Remarkable discoveries in archeology often happen by pure chance. In 1989 a deserted area outside Jerusalem's Jaffa Gate was excavated to build an underground parking garage. To the amazement of everyone, the bones of several hundred fairly young people were discovered in a previously unknown cave about 40 feet belowground. The bones lay in a pile, making his huge tomb different from others found nearby, where people had been laid to rest in spearate tombs or upon shelves cut into rock.

Then more clues emerged as the rubble was cleared. At the entrance to the tomb appeared a small Christian chapel of a style used in the seventh century A.D. It had a simple marble altar and a mosaic floor with three crosses. Even more astonishing, a Greek inscription in the floor read, "For the redemption and salvation of those, God knows their names." About 30 unused oil lamps decorated with crosses or palm leaves were also discovered there.
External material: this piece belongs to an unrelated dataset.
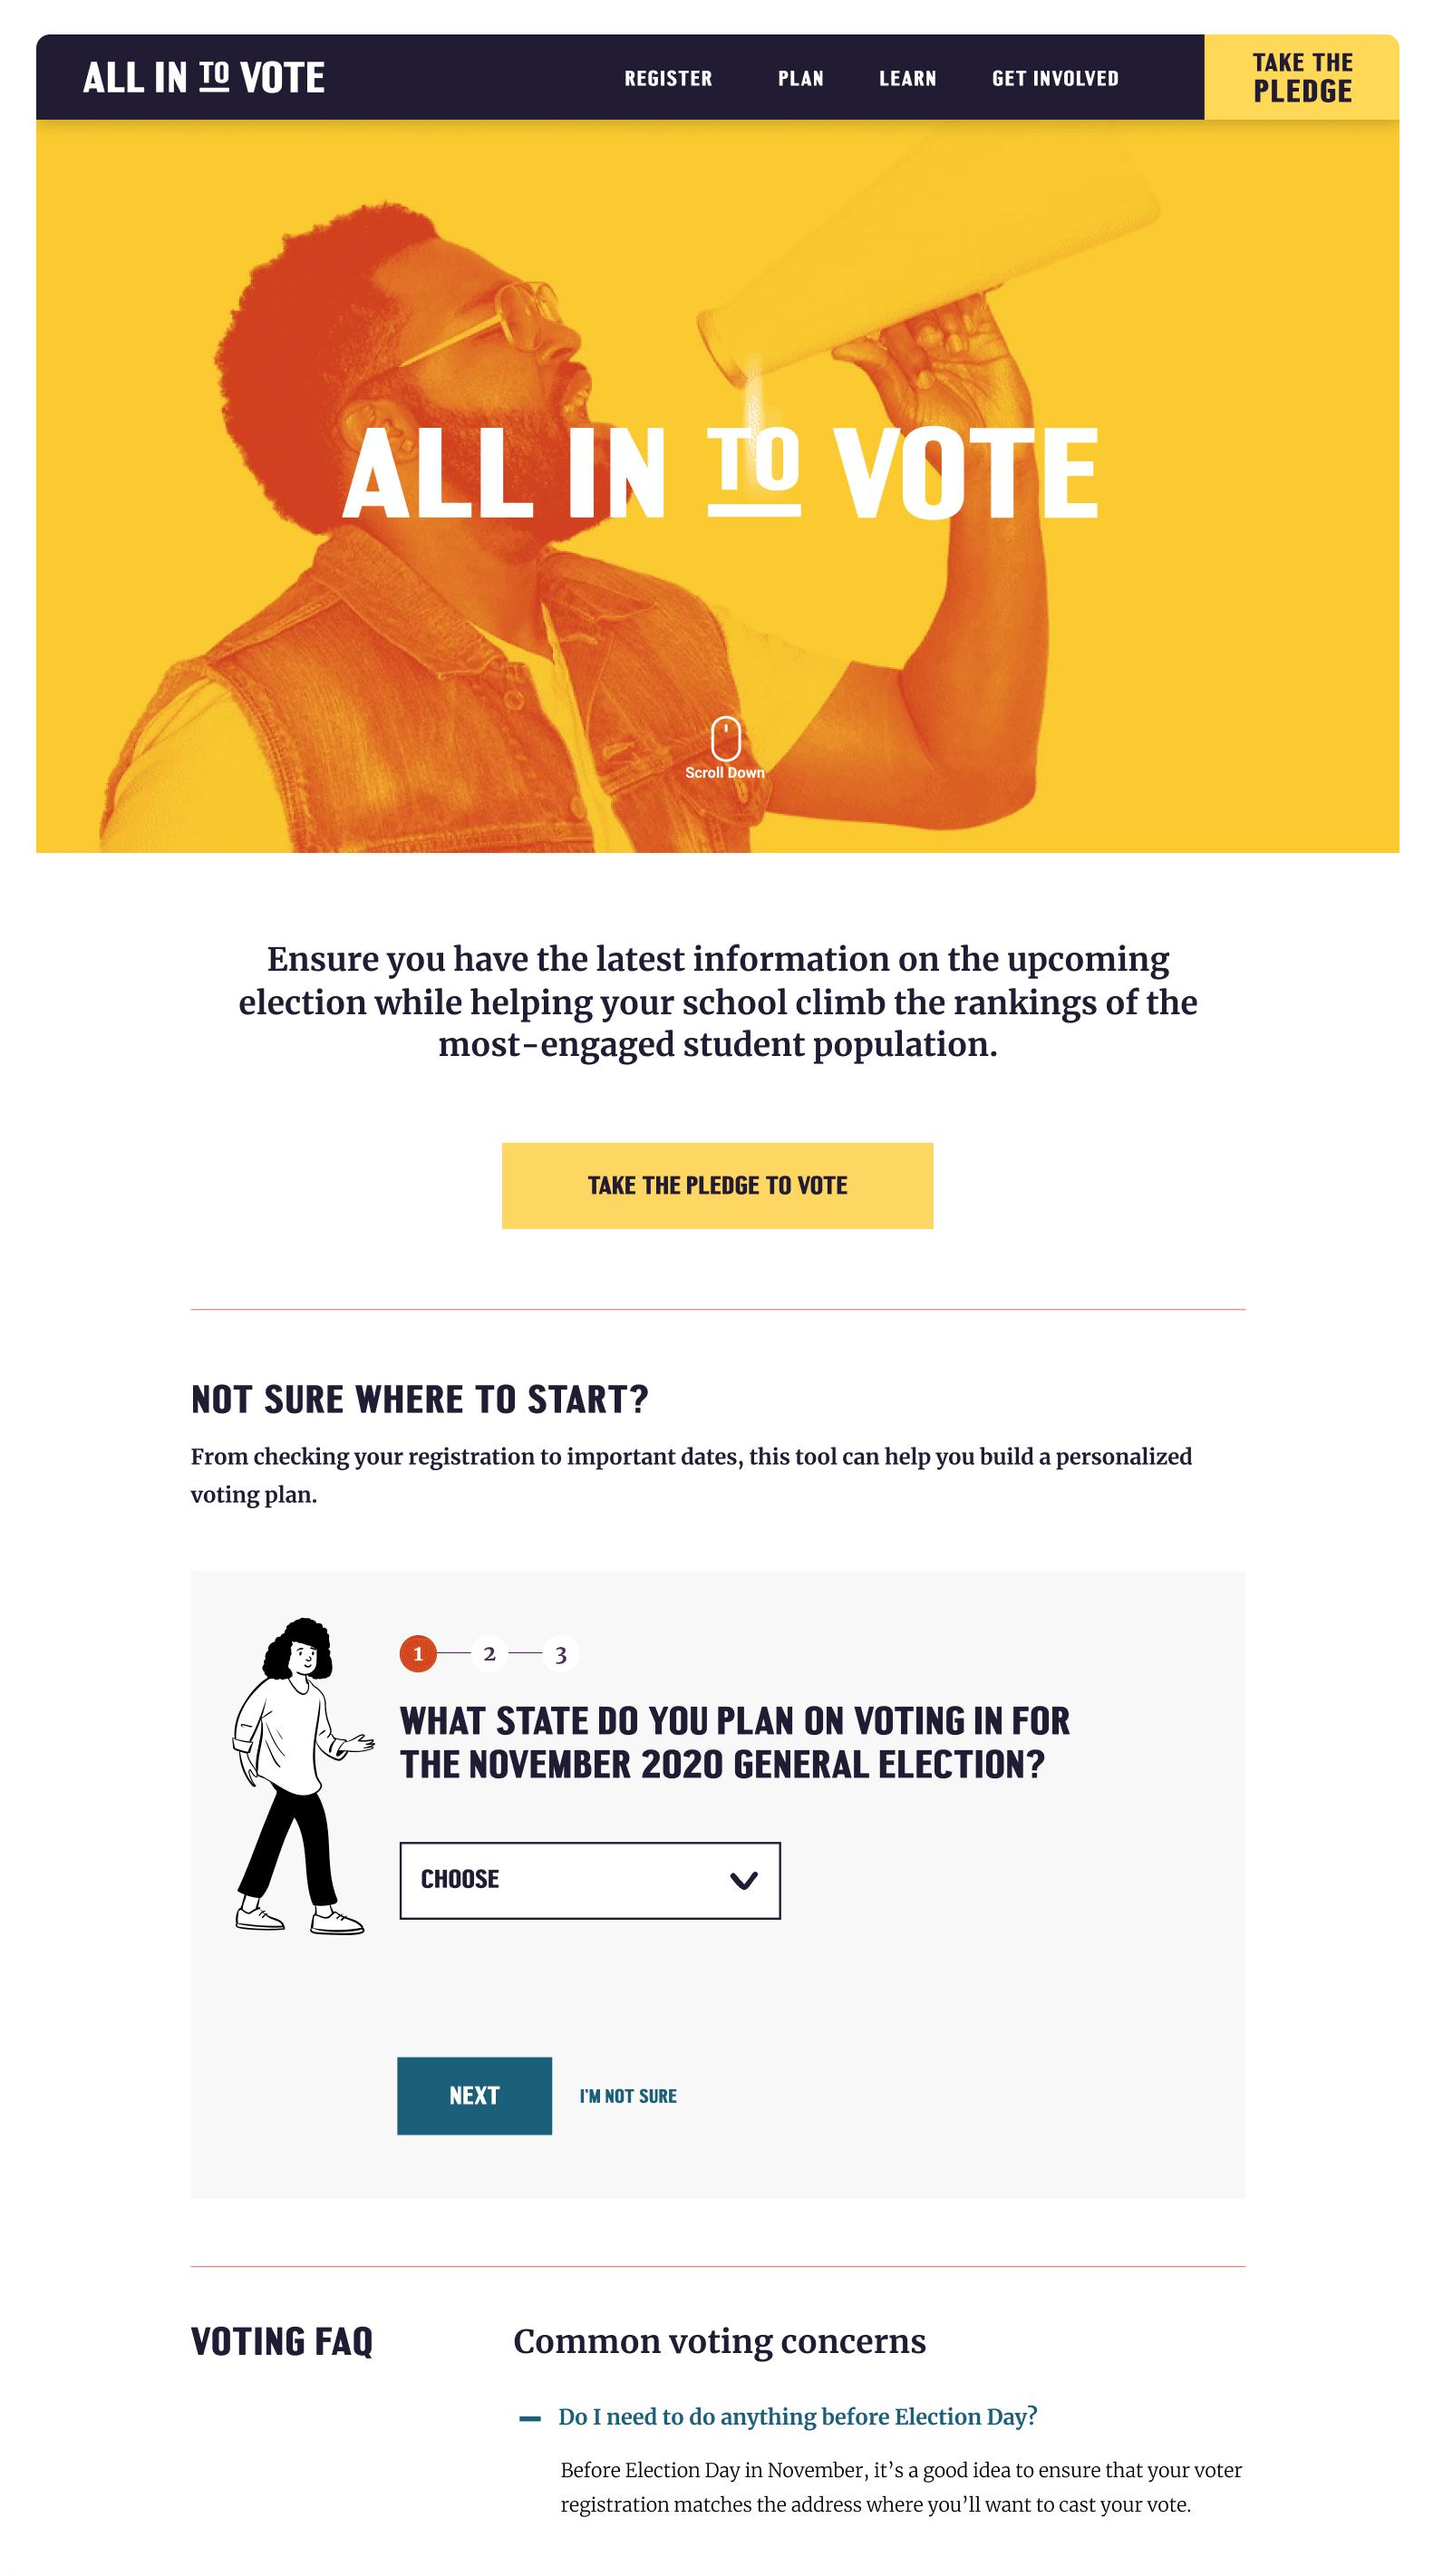 All in to vote website screenshots

Why would so many people, some wearing pendants shaped like crosses, be buried in such a jumble? yet another clue came when coins were found. None were dated later than A.D. 610. History records that jerusalem was overrun in 614 by the Persians, who were enemies of the Christian empire known as Byzantium. According to writers of the time, the Jews of Jerusalem, who had been very cruelly treated by their Christian rulers, bought Christian captives from the Persians and killed them at the Pool of Mamilla. The pool was very near the tomb dug up accidentally in our day.